On the road with Agathe ANDRÉ

Agathe Andre by Espe

Ainsi, l’étude «Regretting Motherhood: A sociopolitical Analysis» de la sociologue israélienne Orna Donath déclenche ici et là quelque polémique: il y aurait des femmes qui regrettent d’être mère.

«J’ai vu immédiatement que ce n’était pas pour moi, témoigne l’une d’elles, c’est le cauchemar de ma vie», «c’est un poids permanent sur mon âme» poursuit une autre. «C’était le rêve d’une autre» conclut une troisième.

La maternité n’épanouirait pas spécialement toutes ces dames? Tu parles d’un scoop! Mais c’est bon de l’entendre: ras-le-bol des boniments sur le bonheur d’être mère, ce prêt-à-penser fabriqué de tout pièce.

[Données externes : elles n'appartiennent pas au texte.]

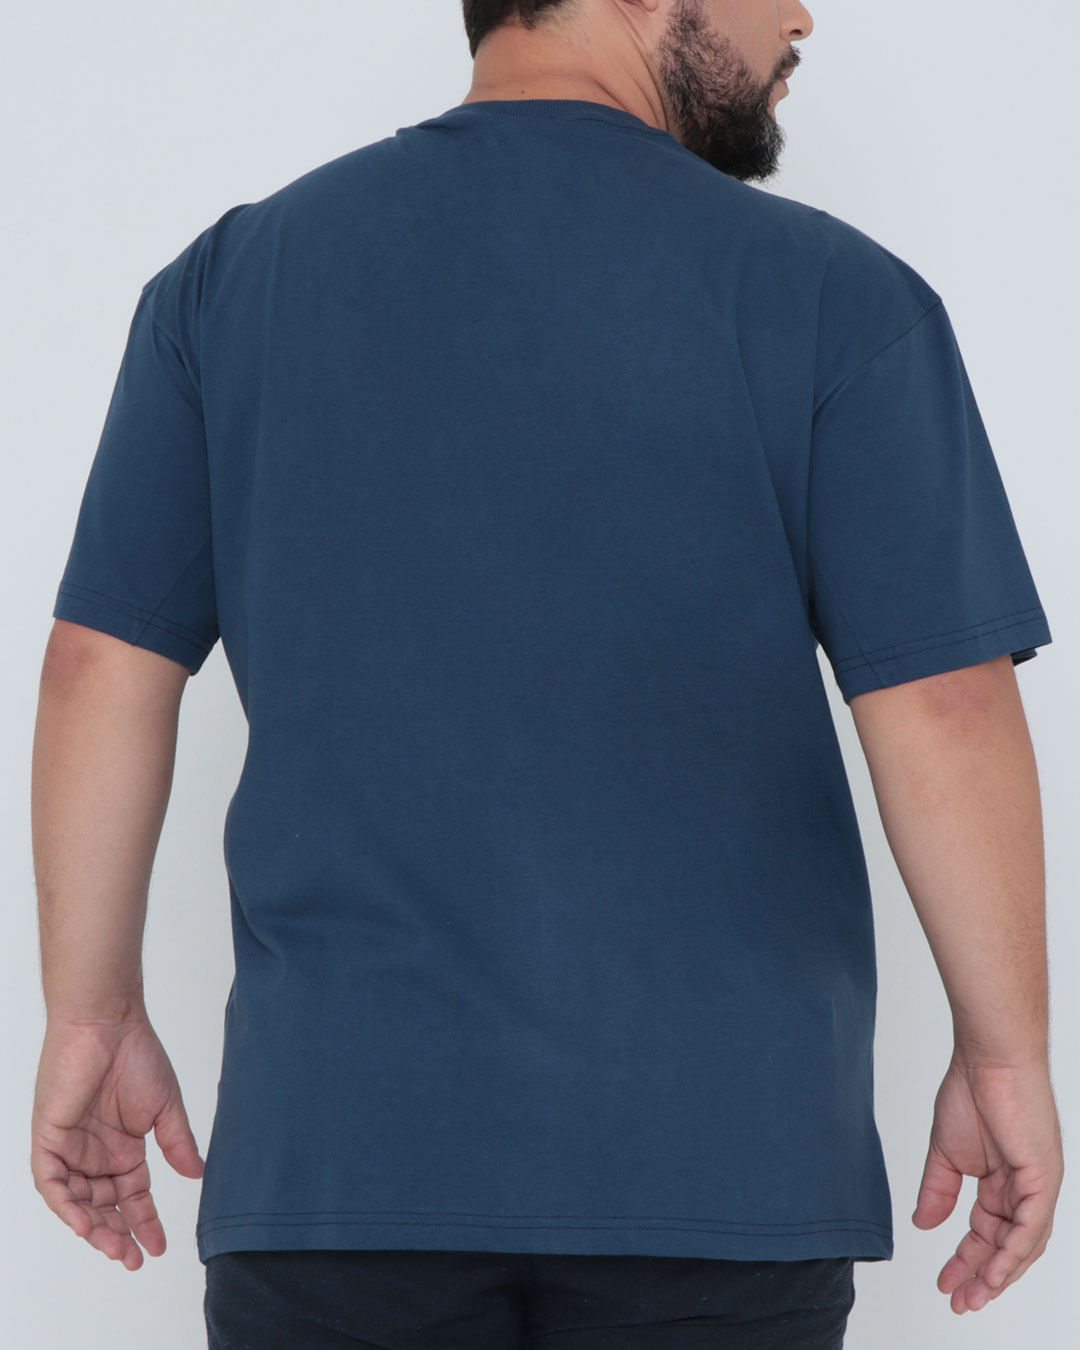 Camiseta-K201a-Ecko-Plus---Azul-Medio
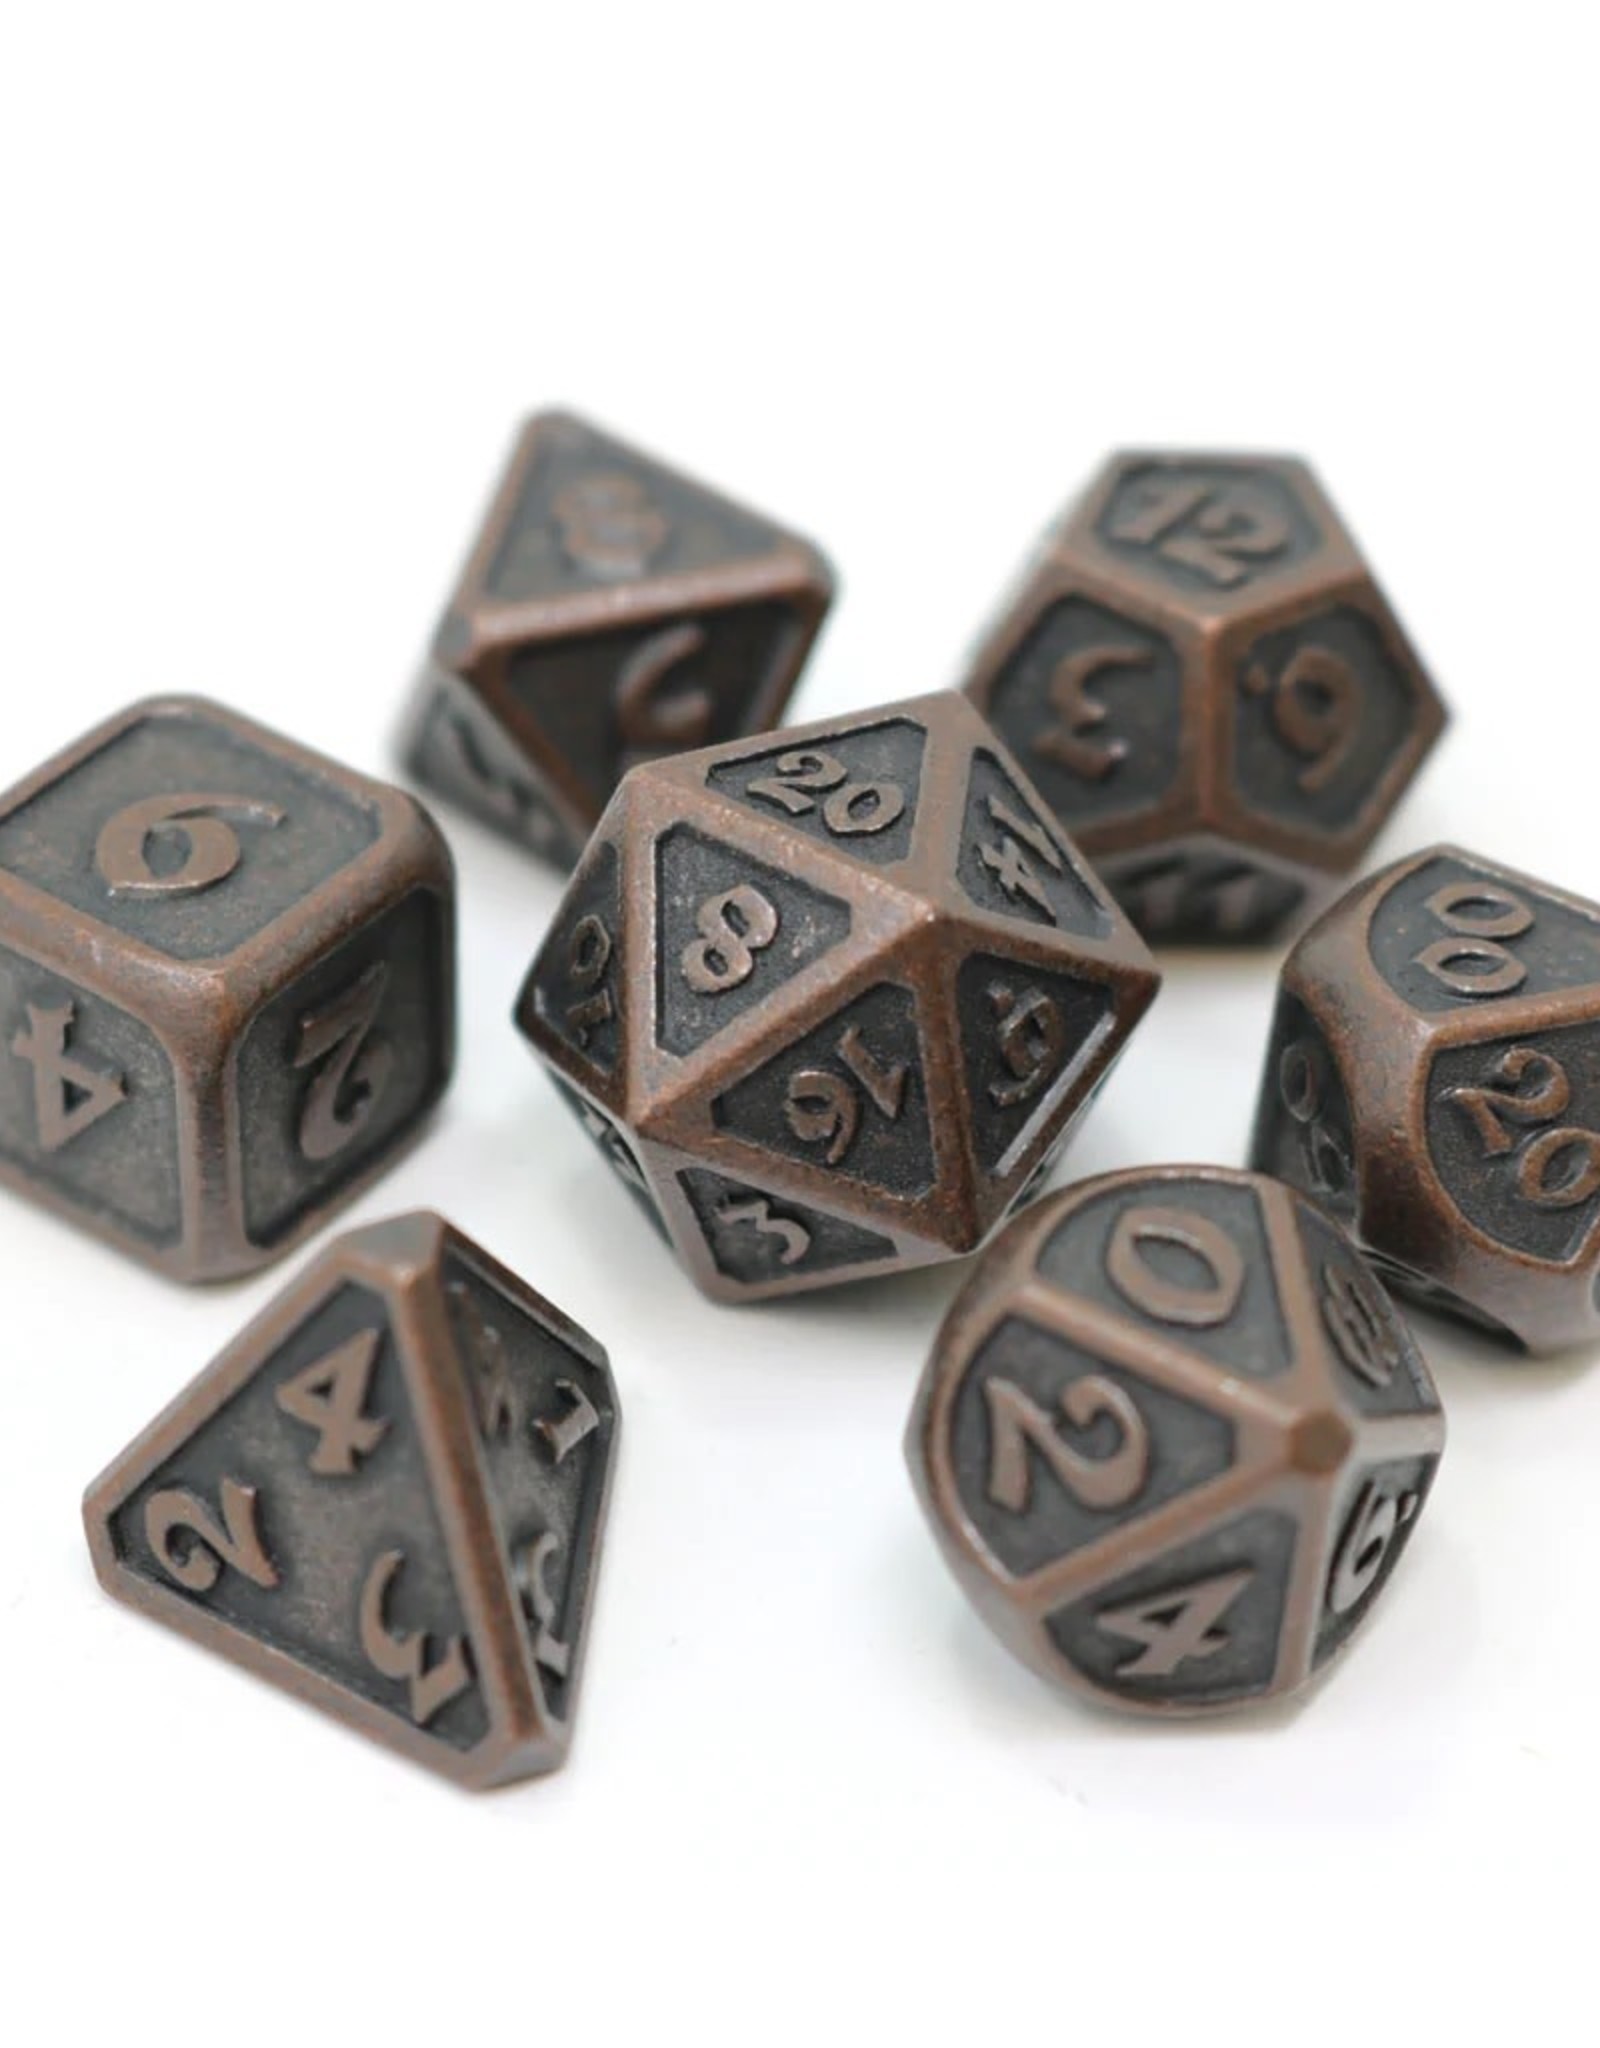 Die Hard 7PC RPG Set: Mythica Dark Copper Metal Polyhedral

La maternité n’est qu’une possibilité de la vie d’une femme. L’instinct maternel, une pure construction sociale, voire une vaste blague ontologique. Comment ne pas éclater de rire face à cet étrange paradoxe: élever un gosse dans les règles de l’art, c’est rendre indépendant une progéniture totalement dépendante et ingrate, un «petit pervers polymorphe» qui vous sucera jusqu’à la moelle et gâchera vos plus belles années pour qu’il vous quitte et vous conchie sur le divan d’un psy!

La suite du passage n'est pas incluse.